Kate Tempest dives deep and dark in Dublin gig

Kate Tempest dives deep and dark in Dublin gig

Kate Tempest’s Vicar Street show began with the mother of all selfie moments. The 33-year-old poet and rapper disapproves of mid-concert photography and instructed the audience to get their snap-happy impulses out of the way at the outset. What was to follow would, she promised, be intense. We should give ourselves to the here and now and leave our phones in our pockets.

She proved true to her pledge with a performance that dived deep and dark and suggested the Brexit Britain angst she channeled so powerfully had something to say to contemporary Ireland too.

Tempest, whose real name is Kate Calvert, has a formula – but it is singular. She is both rock star and rhymer, her work fusing the grittiness of rap and the structural density of literary verse. The mix is irresistible, especially when paired with drowsy grooves from Clare Uchima, who triggered beats and played keyboard.

With a Kubrick-ian black disc as backdrop, Tempest opened with edited highlights from her first two albums, Everybody Down and Let Them Eat Chaos. Both have been nominated for the Mercury Prize and the latter, in its printed incarnation, for the Costa Poetry Book of the Year.

“The people are dead in their lifetimes/Dazed in the shine of the streets,” she began on Europe Is Lost, casting a cold eye on late capitalist society and the faceless cogs it has, in her estimation, reduced us to. “But look how the traffic's still moving/System's too slick to stop working.”

Calvert’s poetry glints coldly on the page and it is slightly surreal to reflect that she attended the same Brit school in Croydon that produced Adele, Jessie J and Leona Lewis.

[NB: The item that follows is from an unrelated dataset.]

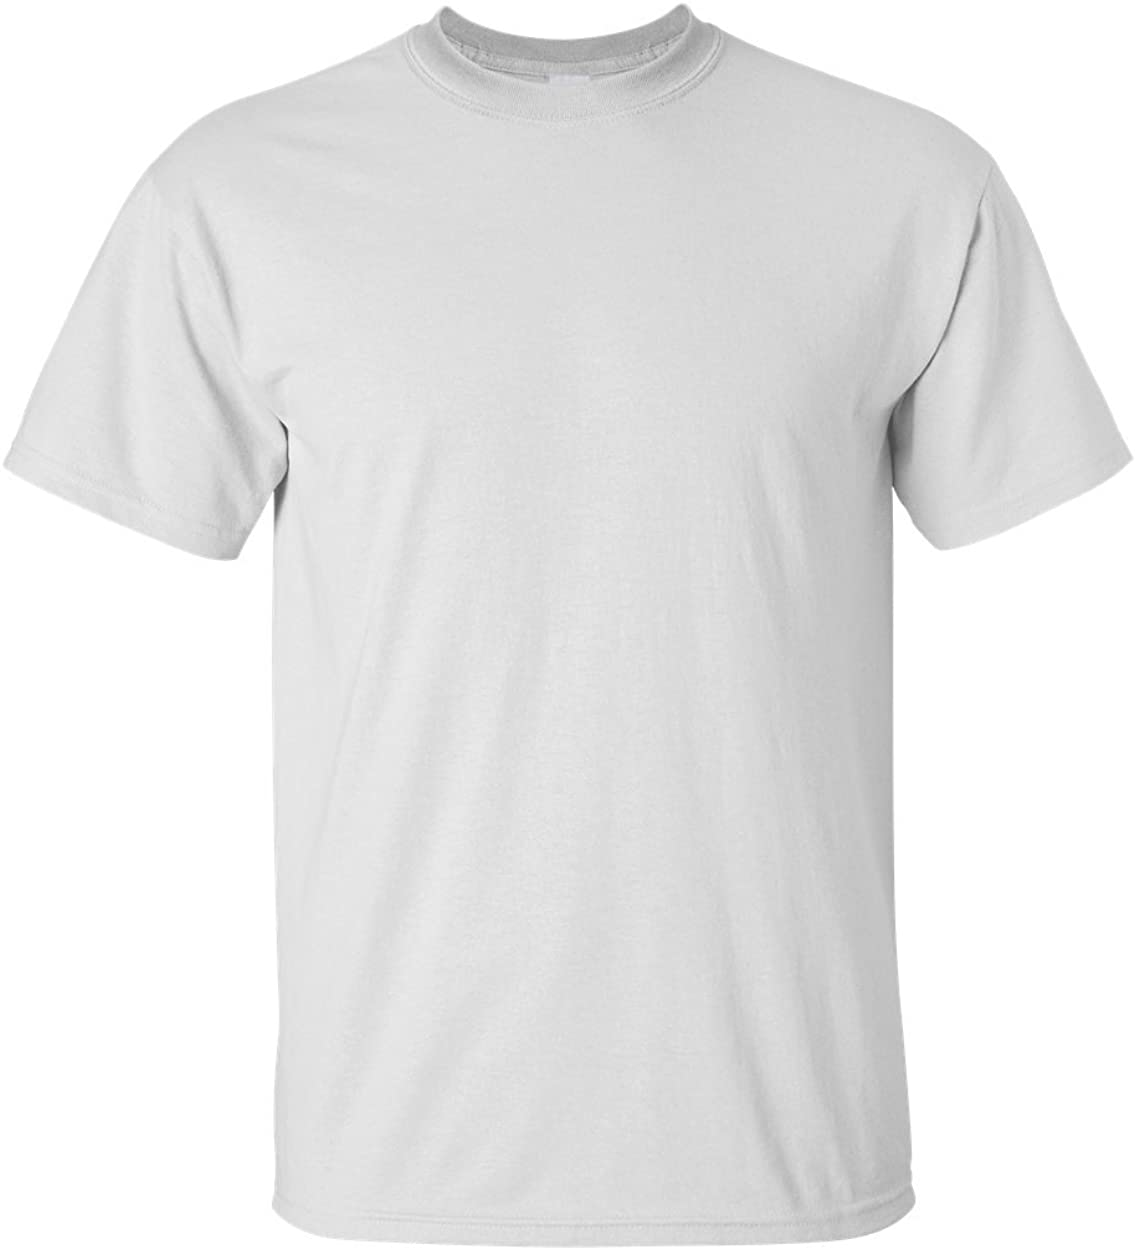 Ultra Cotton Tall 6 oz. Short-Sleeve T-Shirt (G200T)
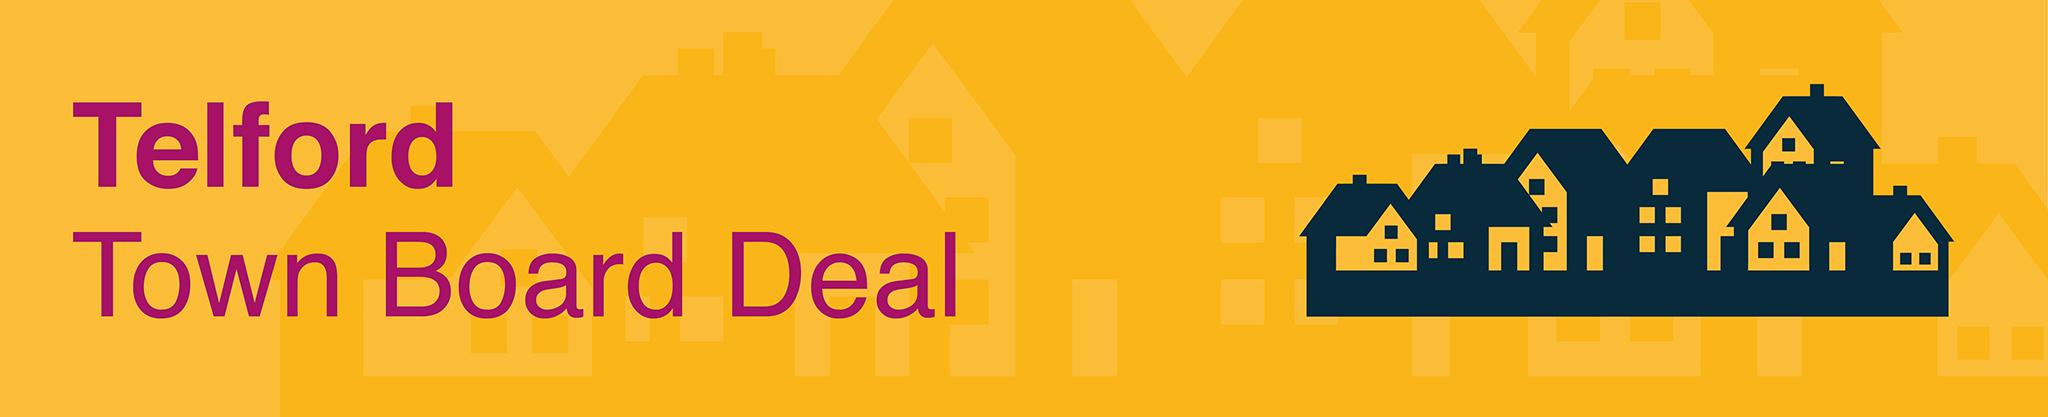 Telford Town Deal Board header

And it comes even more urgently to life set to music and that remained the case as she performed in full her latest LP The Books of Traps and Lessons. Here the sonics took a backseat to the word play but the effect was nonetheless intoxicating.

There wasn’t much humour. But Tempest furnished the audience with all the catharsis it could require as she interrogated the woes of the world from the perspective of a millennial whose idealism was diminishing day by day, hour by hour. Phones down, we joined her as she spoke her truths and swept us away to a Neverland lit by street lamps, flashing police lights and the first smudge of dawn on the horizon.